Material supplied ->
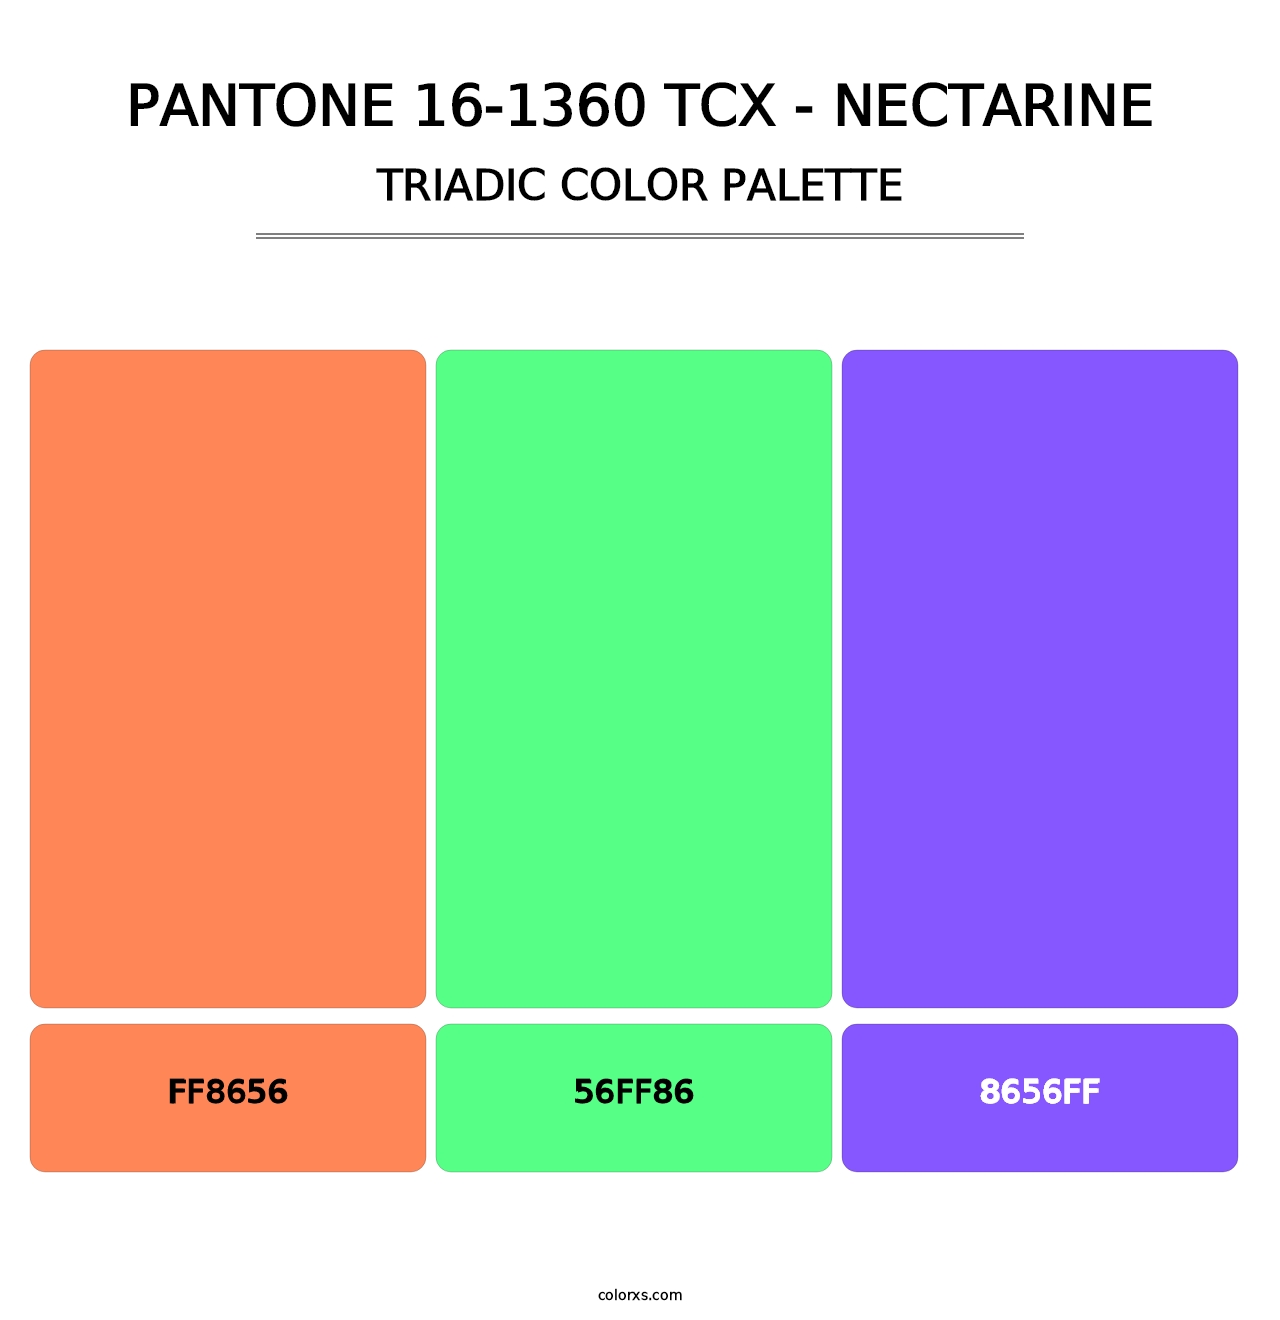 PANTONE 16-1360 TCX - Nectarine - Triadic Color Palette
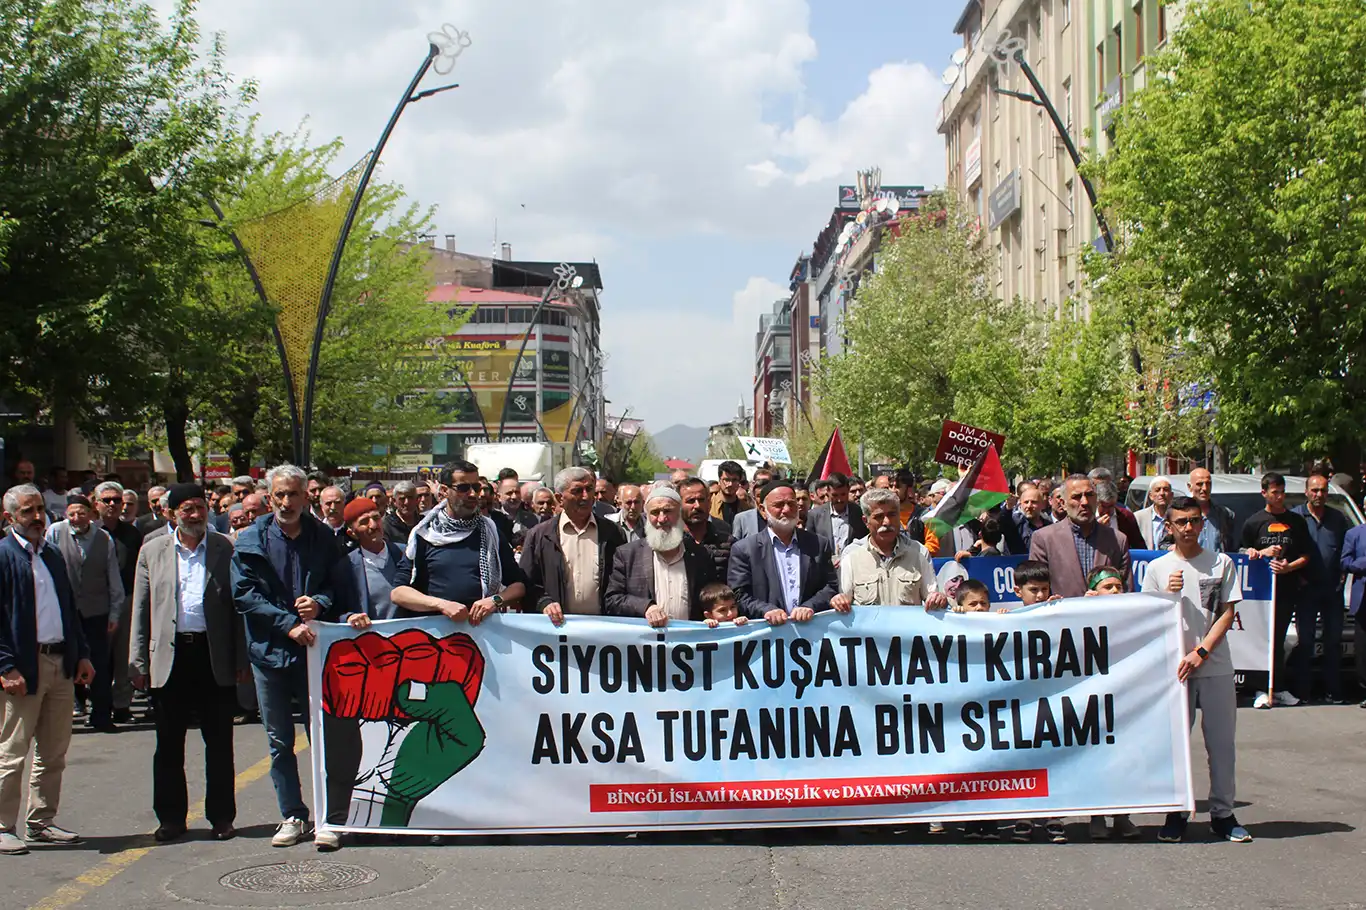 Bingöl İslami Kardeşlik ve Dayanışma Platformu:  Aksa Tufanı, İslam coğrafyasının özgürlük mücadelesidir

* * *

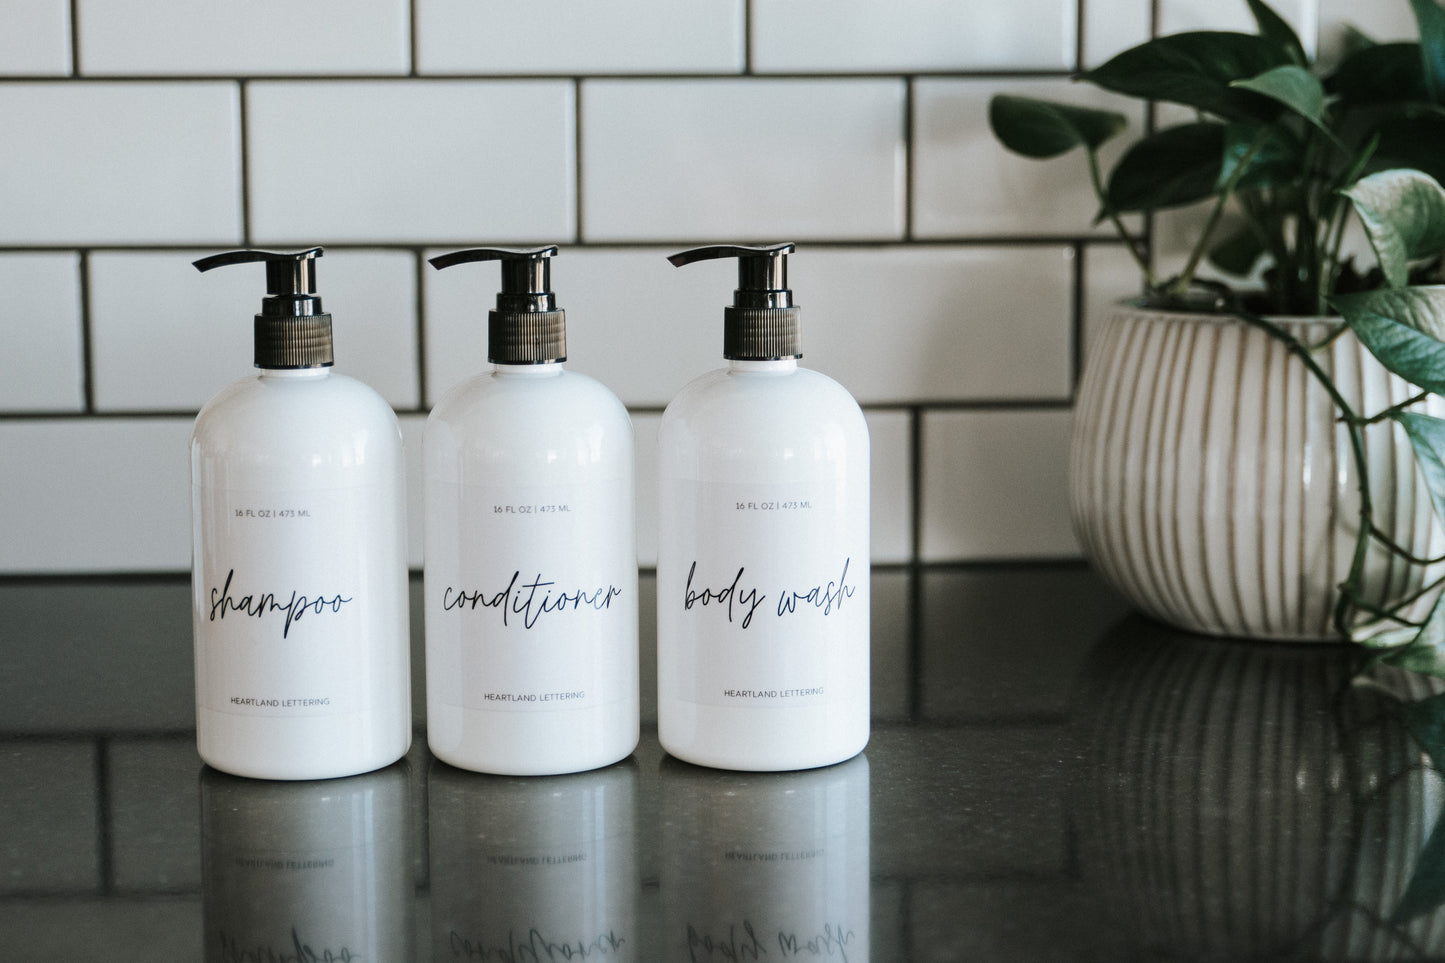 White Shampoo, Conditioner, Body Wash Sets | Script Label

...

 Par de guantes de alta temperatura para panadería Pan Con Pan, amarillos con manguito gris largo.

Activity -> Copy nothing but the lines above from the one with "PANTONE 16-1360 TCX - Nectarine" to the one with "Bingöl İslami Kardeşlik", inclusive, word for word. Leave every picture out.

Written solution ->
 PANTONE 16-1360 TCX - Nectarine - Triadic Color Palette
 Bingöl İslami Kardeşlik ve Dayanışma Platformu:  Aksa Tufanı, İslam coğrafyasının özgürlük mücadelesidir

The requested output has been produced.